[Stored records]
=-=-=-=-=
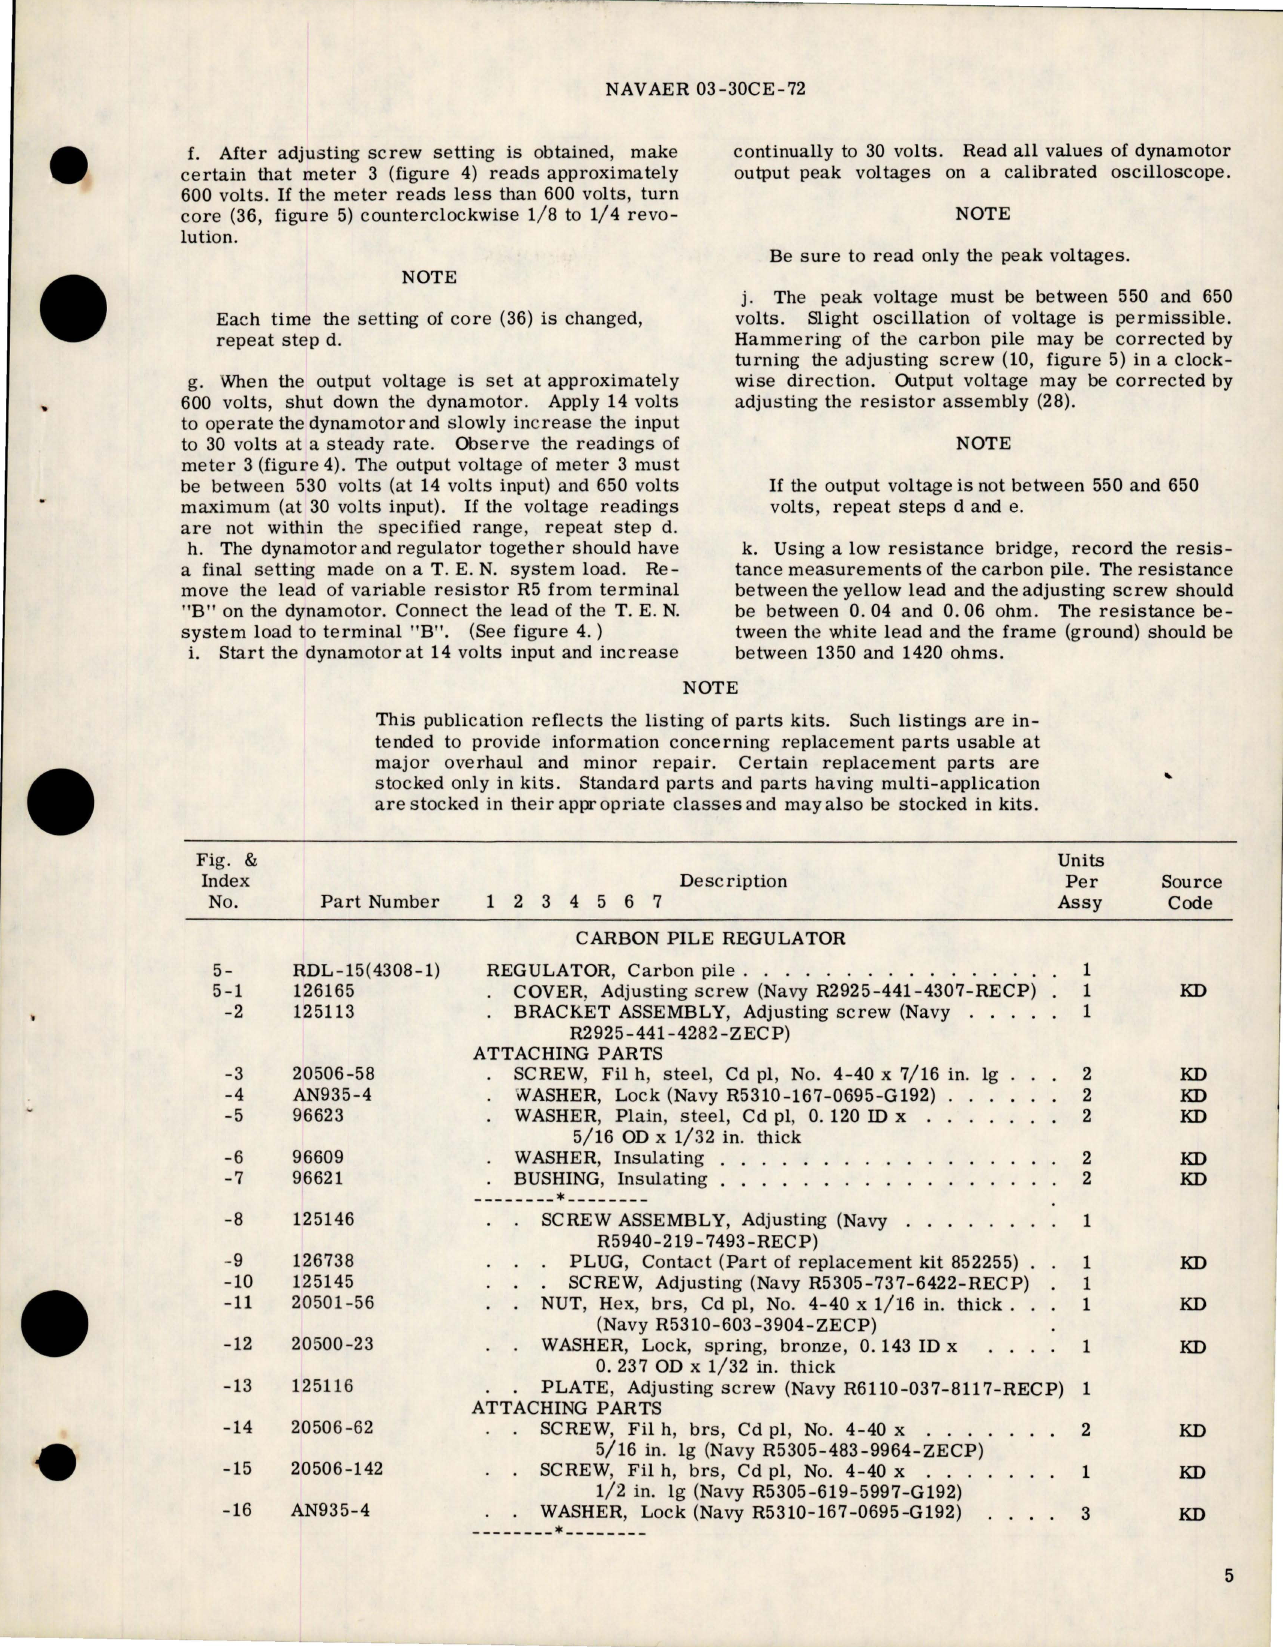 Sample page 5 from AirCorps Library document: Overhaul Instructions with Parts Breakdown for Carbon Pile Regulator - Type RDL-15 - RD4308-1
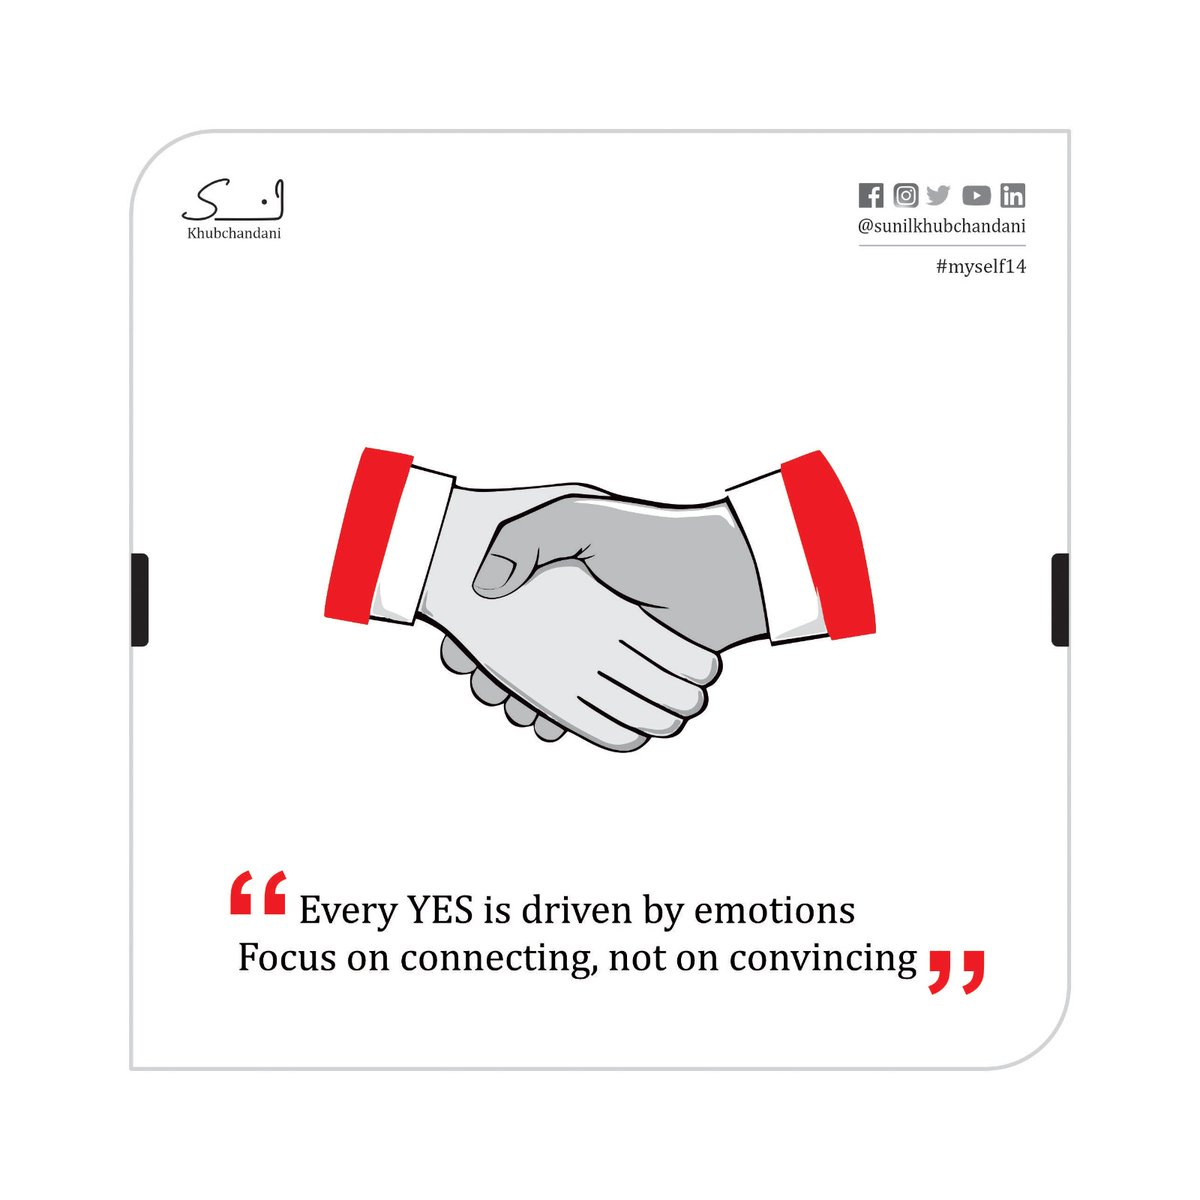 The human mind is emotionally driven, so every 'YES' is fueled by emotions.

Communication success comes from building emotional connections with people.

Cultivate this art in yourself.

#emotionalconnect
#sunilkhubchandani
=-=-=-=-=
◆ Directions:
Starting at the line that holds "The human mind", retype every line through the end of the data, both ends included. Pictures stay out of the copy.

◆ Result of this exercise:
 The human mind is emotionally driven, so every 'YES' is fueled by emotions.

Communication success comes from building emotional connections with people.

Cultivate this art in yourself.

#emotionalconnect
#sunilkhubchandani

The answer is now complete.